Exercise data:
= = =

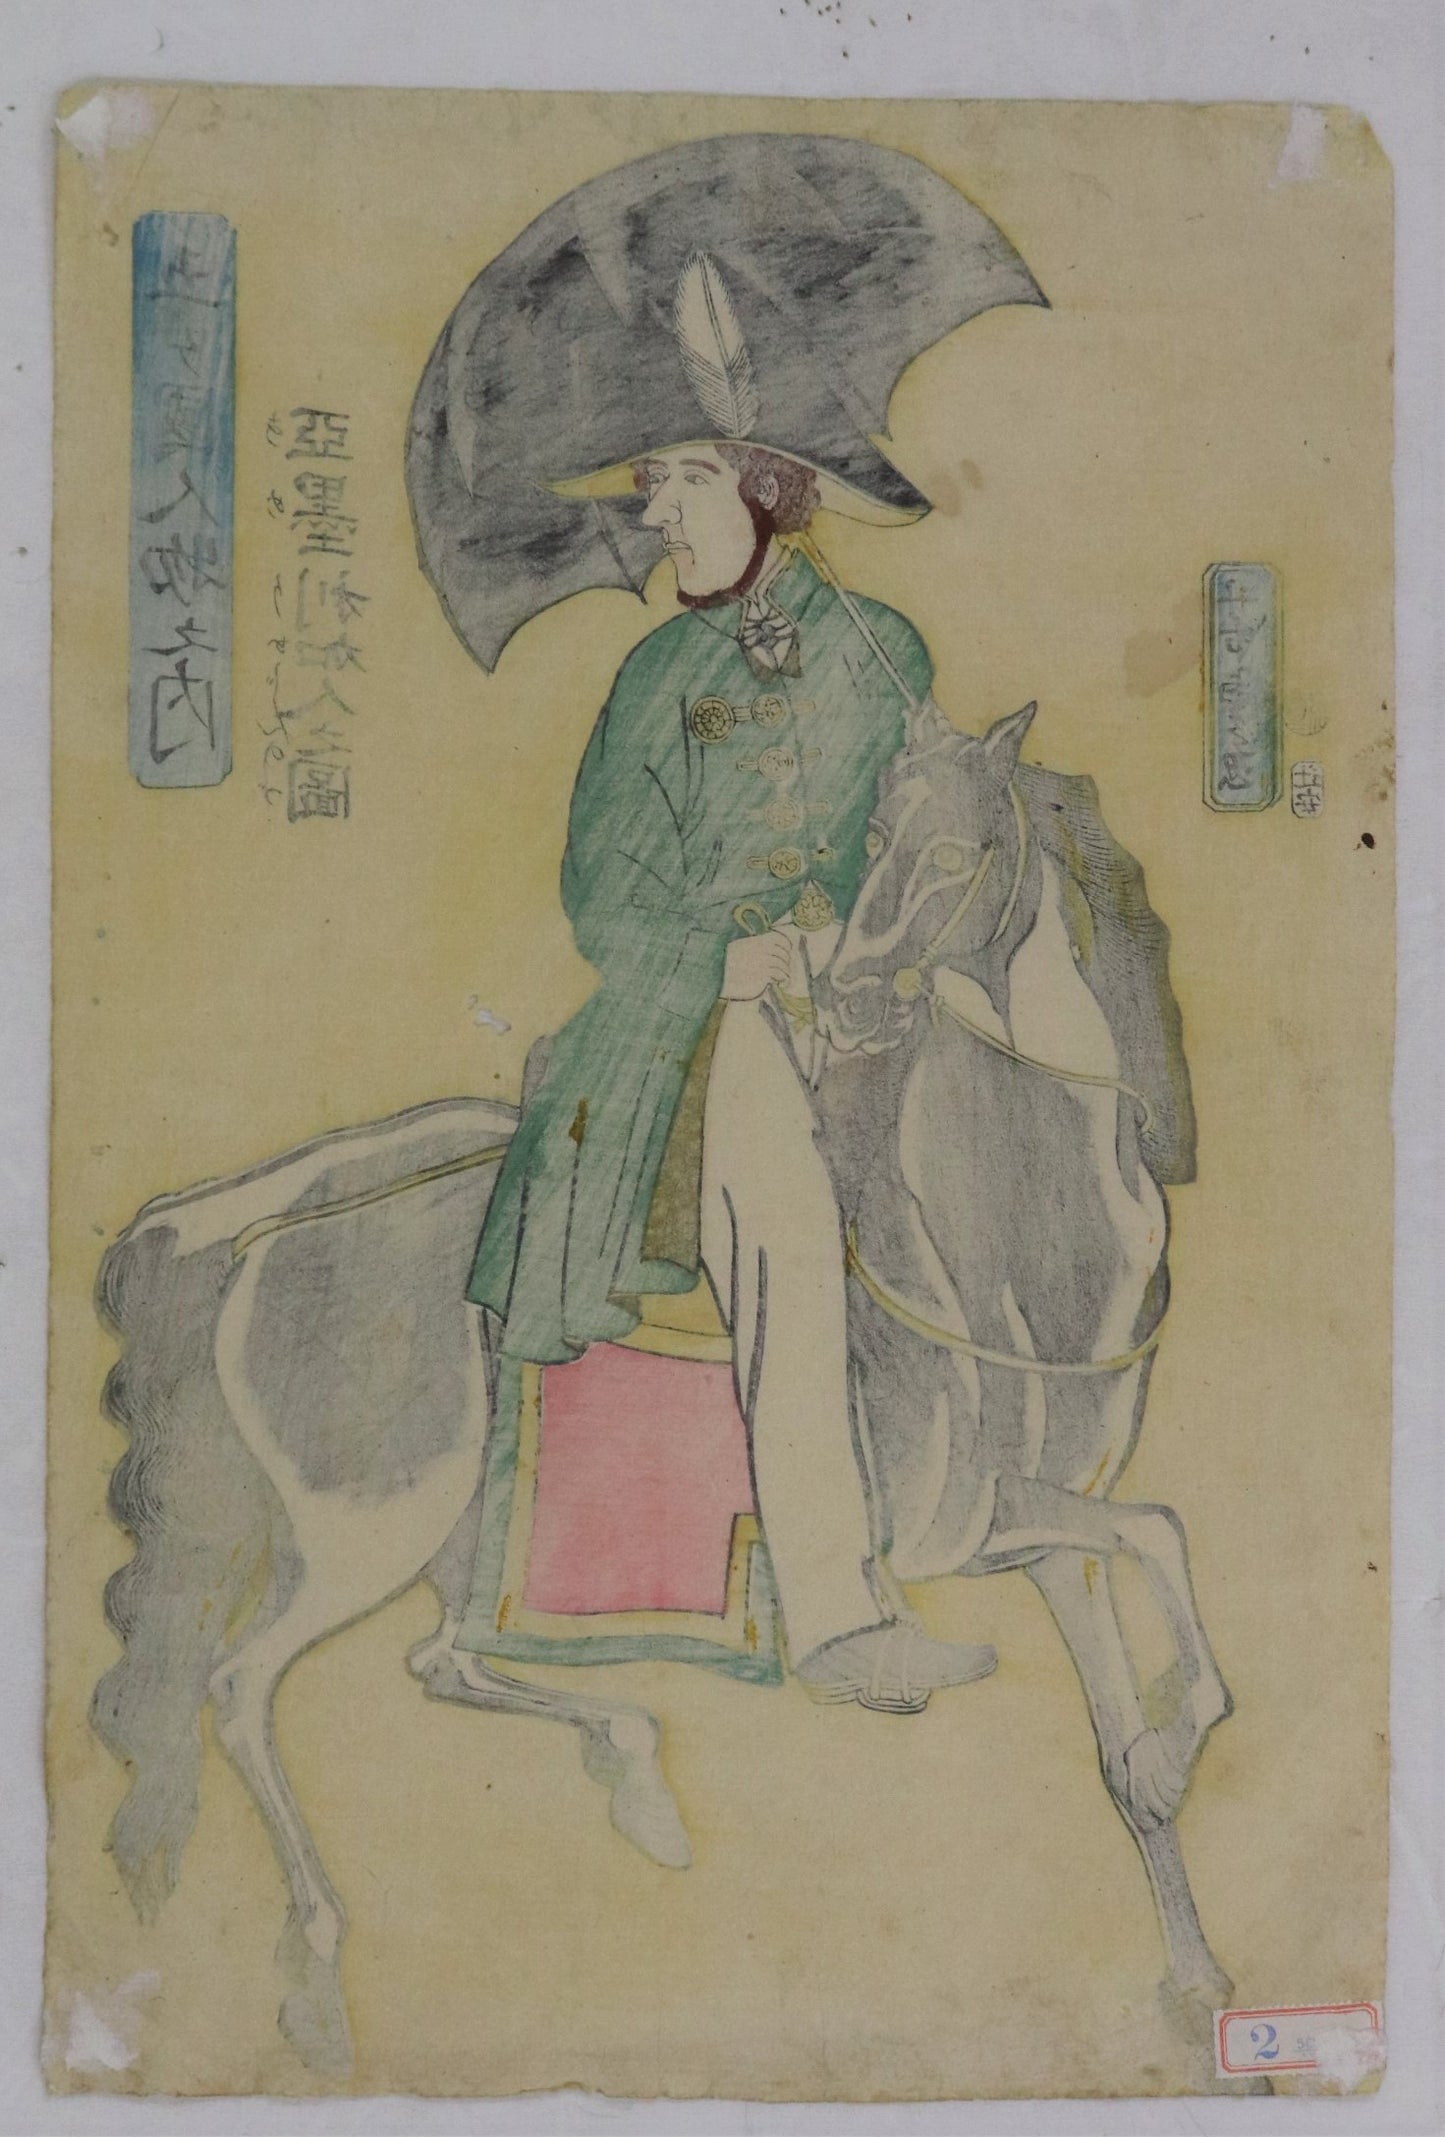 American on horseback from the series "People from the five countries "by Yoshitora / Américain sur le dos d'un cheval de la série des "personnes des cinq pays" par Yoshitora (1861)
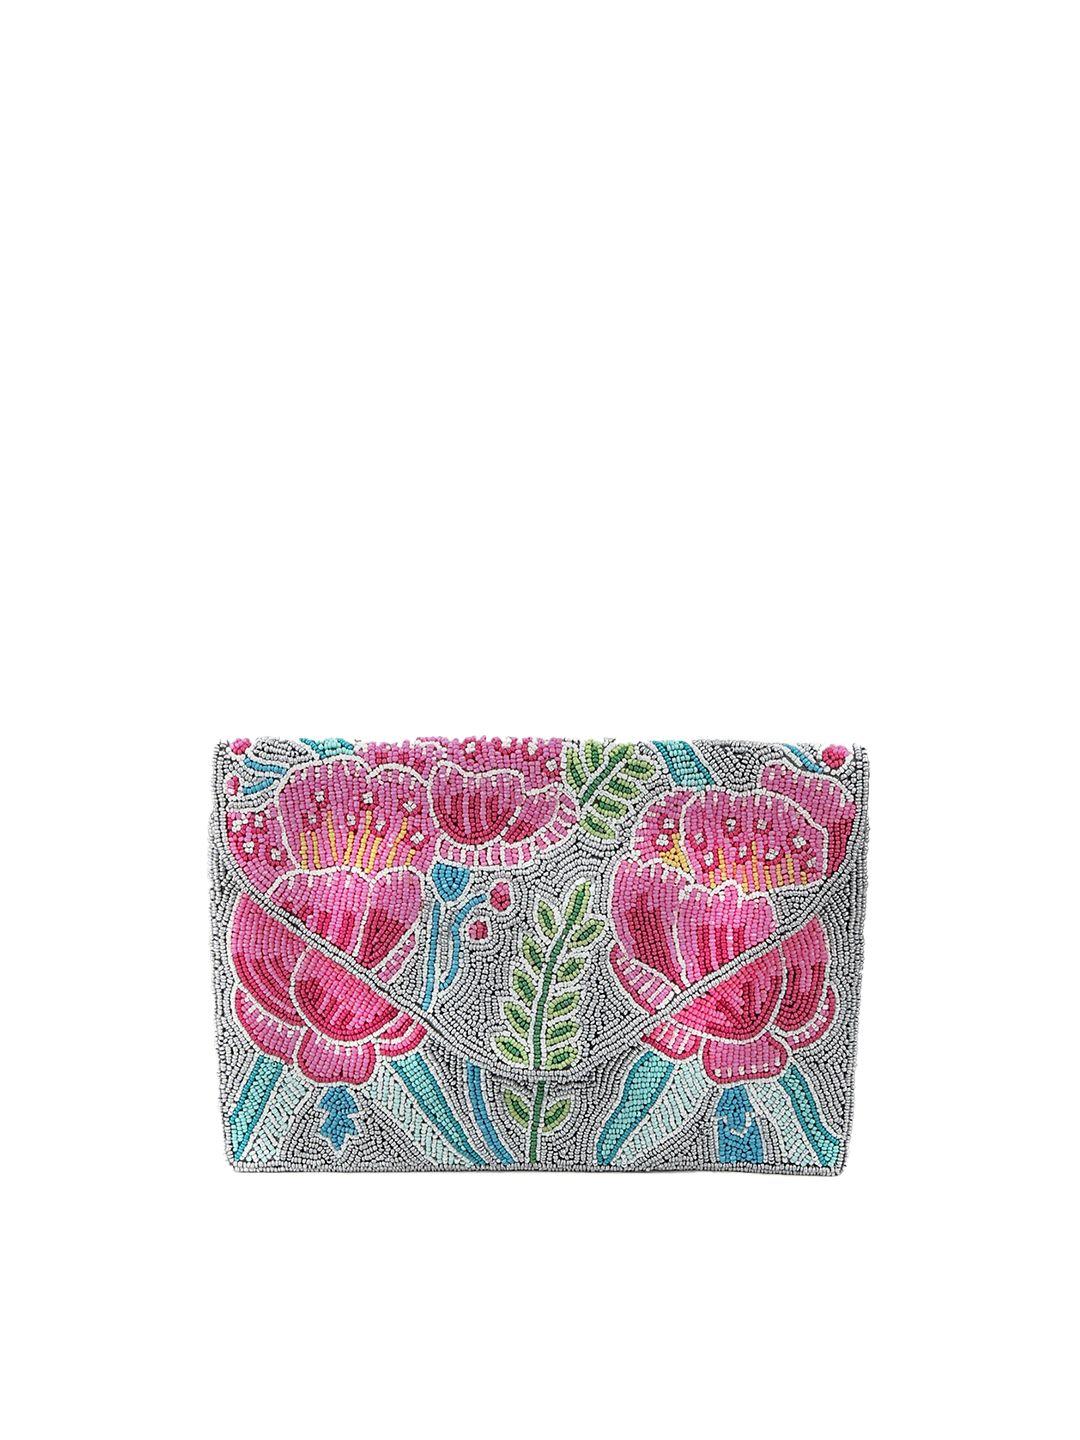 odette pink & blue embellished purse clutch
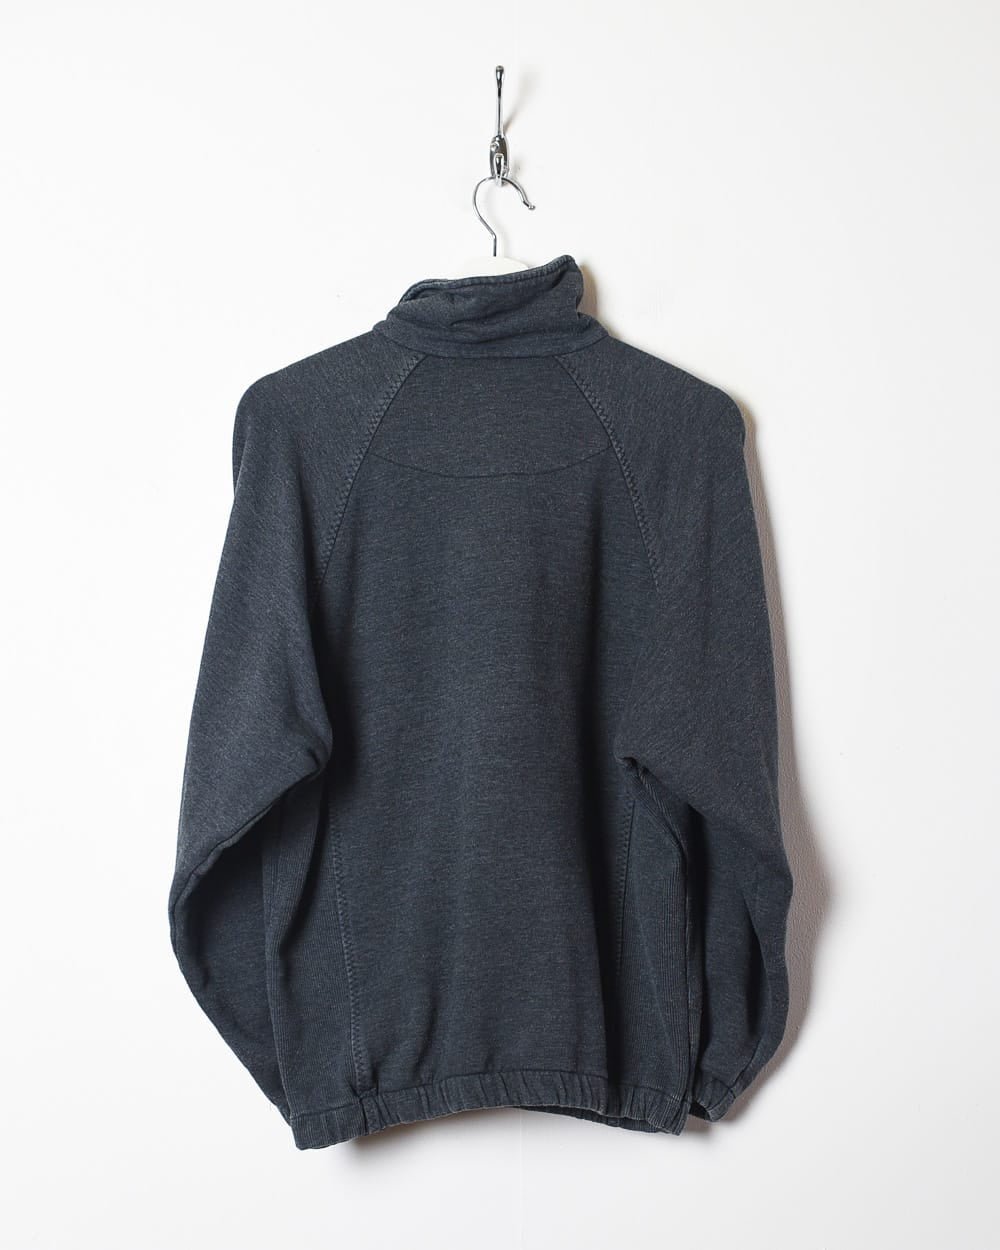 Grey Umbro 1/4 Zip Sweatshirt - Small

= = =

Exercise requirements:
Retype the data exactly as it stands, but keep the images out of your copy.

Task answer:
 American on horseback from the series "People from the five countries "by Yoshitora / Américain sur le dos d'un cheval de la série des "personnes des cinq pays" par Yoshitora (1861)
 odette pink & blue embellished purse clutch
 Grey Umbro 1/4 Zip Sweatshirt - Small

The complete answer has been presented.